Jumping to the condition of survivor implied understanding what was utterly incomprehensible: the institutionalization of murder. The Nazi “process” required the absolute renounce of German and Polish citizens in favor of an unquestionable political identity. One palpable reality: the lack of relevance of ideologies. The only certainty was the insecurity of human beings, the remoteness of power, the way in which they were dragged, humiliated, coerced. The meaning of democracy degenerated into a totally negative energy. Who assumed all power through the polls (Hitler) managed to eradicate from politics all democratic mechanisms that made impossible a confusion of the terms totalitarianism/democracy, good/evil, politically correct/politically incorrect. The survivor-the Jew- found himself compelled to work with two sole options: to live or to die. The mission of the perpetrator consists in destroying life and known social and institutional forms and supplant them with an authoritarian exercise of power based on the extermination of the Other. How could a survivor transfer to a position of independence and interdependence (complete respect for the Other) without giving in to the temptation of becoming in turn a perpetrator? Luis Vicente Leon [3], Venezuelan journalist wrote that the challenge of the fight for democracy does not consist only in the strengthening of institutional mechanisms associated with the concept of governability but in the eradication of the feelings of anguish, frustration, fright and lack of confidence that are installed in the collective psyche when the checks and balances of a Constitutional State fail.

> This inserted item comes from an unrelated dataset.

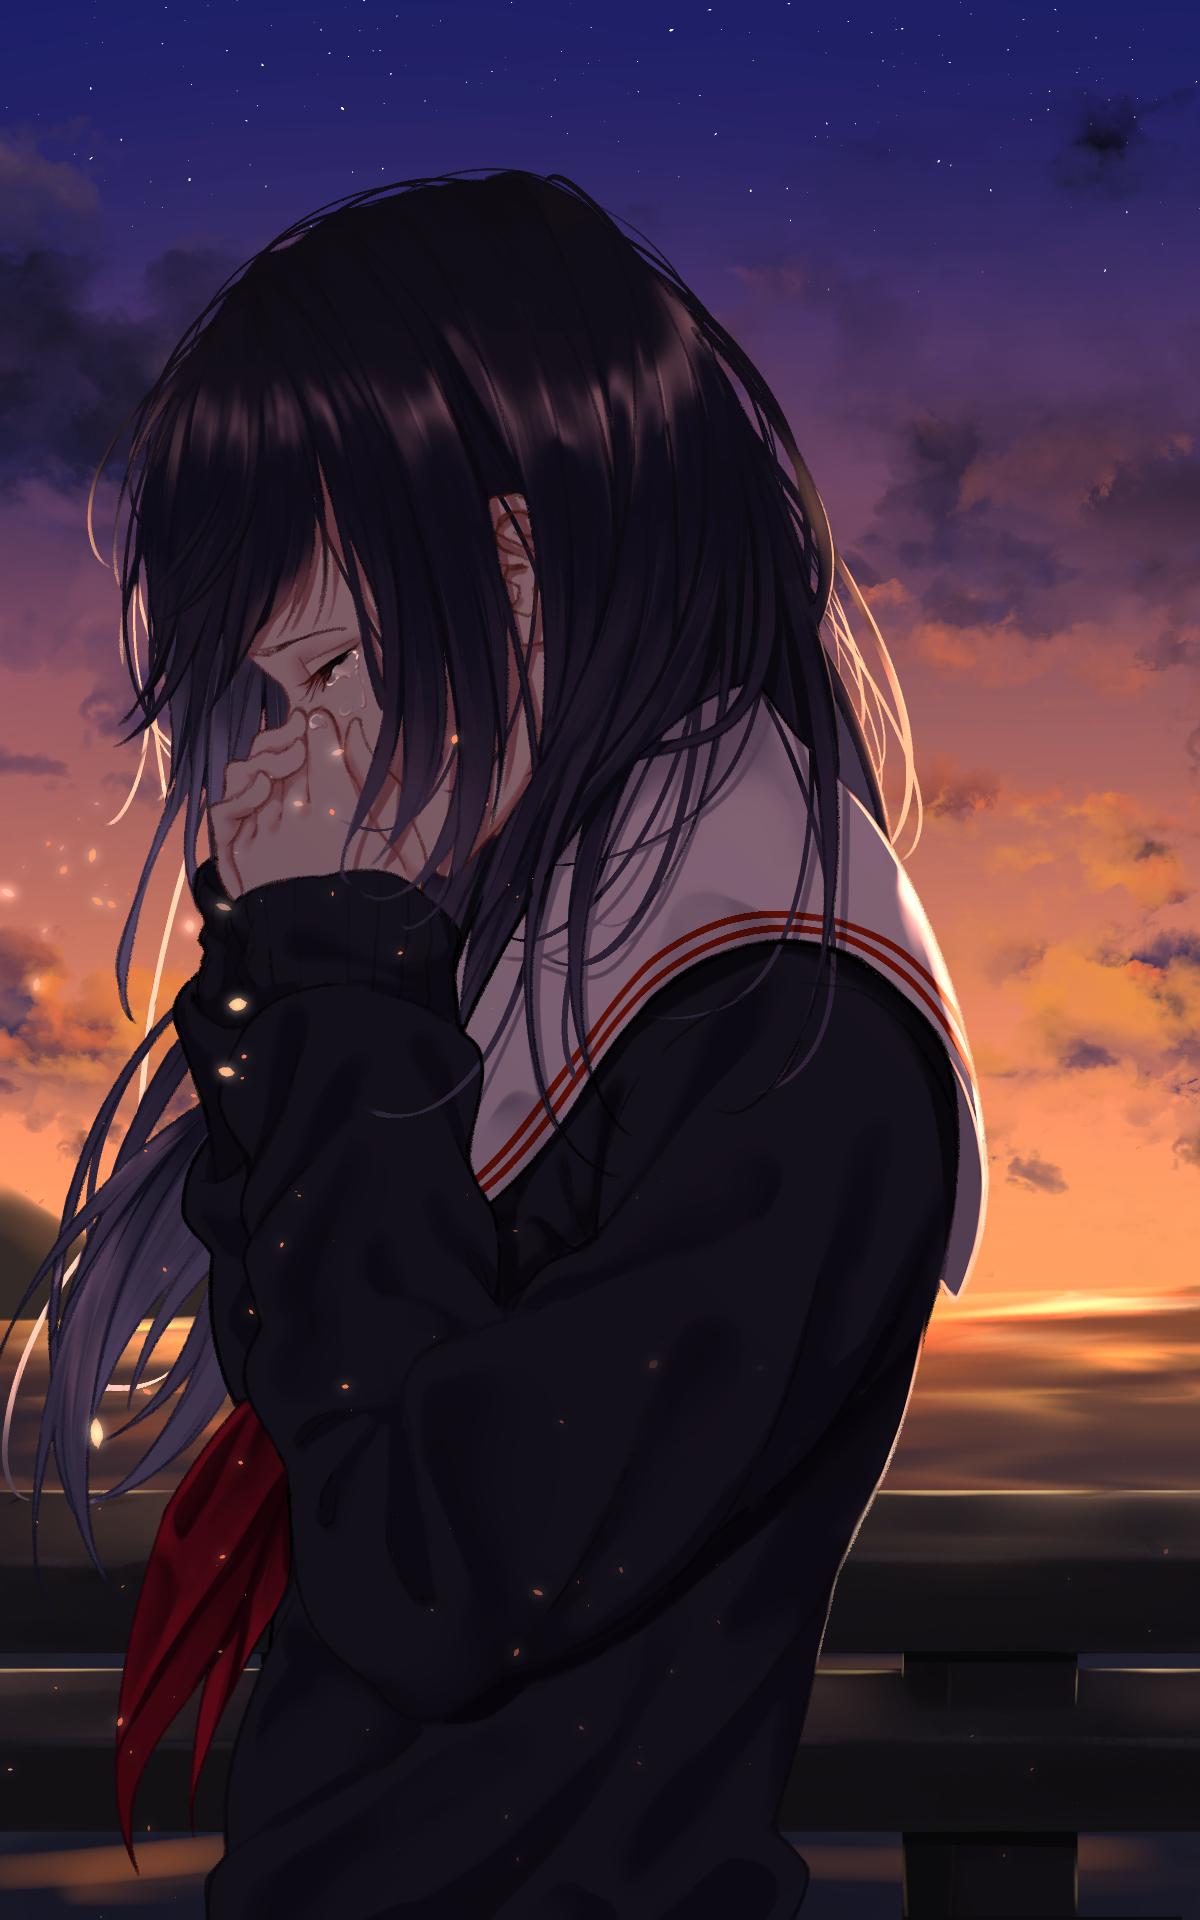 Wow 14 Gambar Anime Keren 3d Sedih Https Ift Tt 2yoalxw Di 2020 Manga Anime Gambar Kehidupan Gambar Anime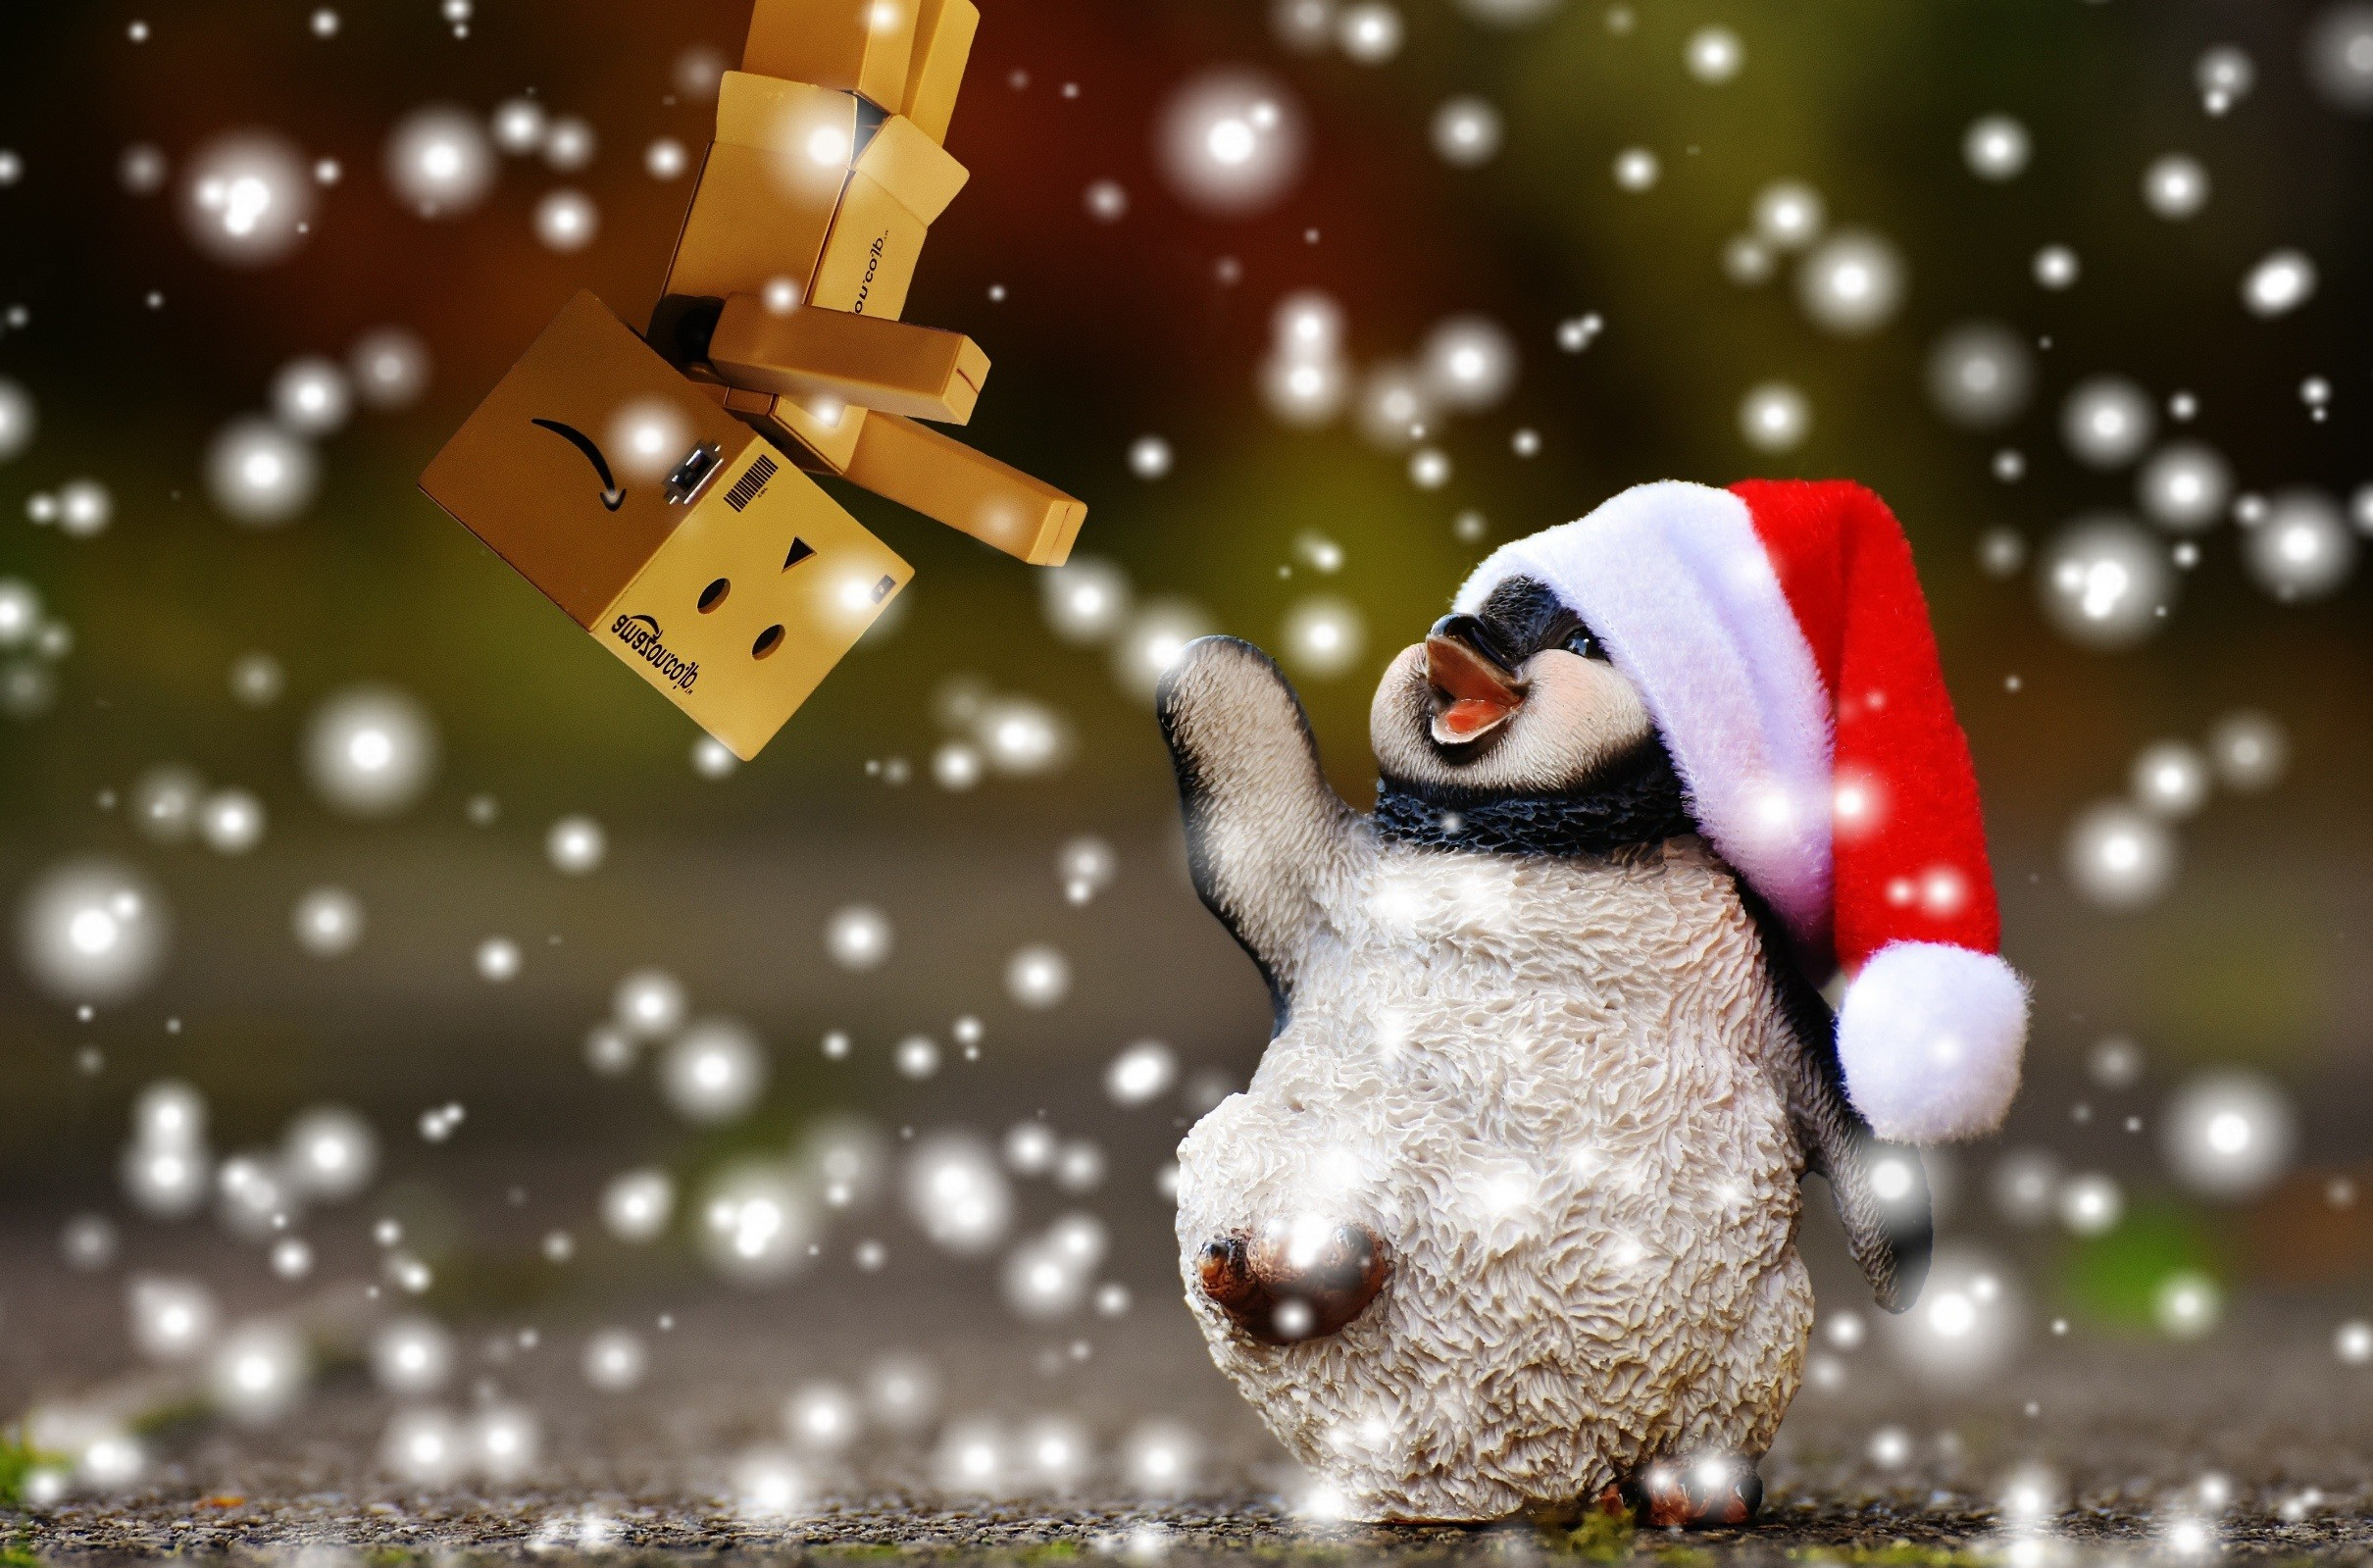 snow animal cute decoration ceramic holiday christmas christmas tree  penguin christmas decoration santa hat fun figure

The challenge of those Jews and Arabs that traveled to Auschwitz was not to overcome discrimination or deepen into the governability in Israel, but to make possible the access to the circle of well being and inter-dependence studied by de Vries.
The only important revolution is an internal revolution, the road back to oneself, the road that leads to exploring less known zones of our conscience: the radical vulnerability of our existence and our independent nature. The acceptance of the Other
[2] Kertész, Imre (2002): Un instante de silencio en el paredón. El Holocausto como cultura, Barcelona, Herder, pp.32.
[3] Ver el diario “El Universal” de Caracas (23/05/04).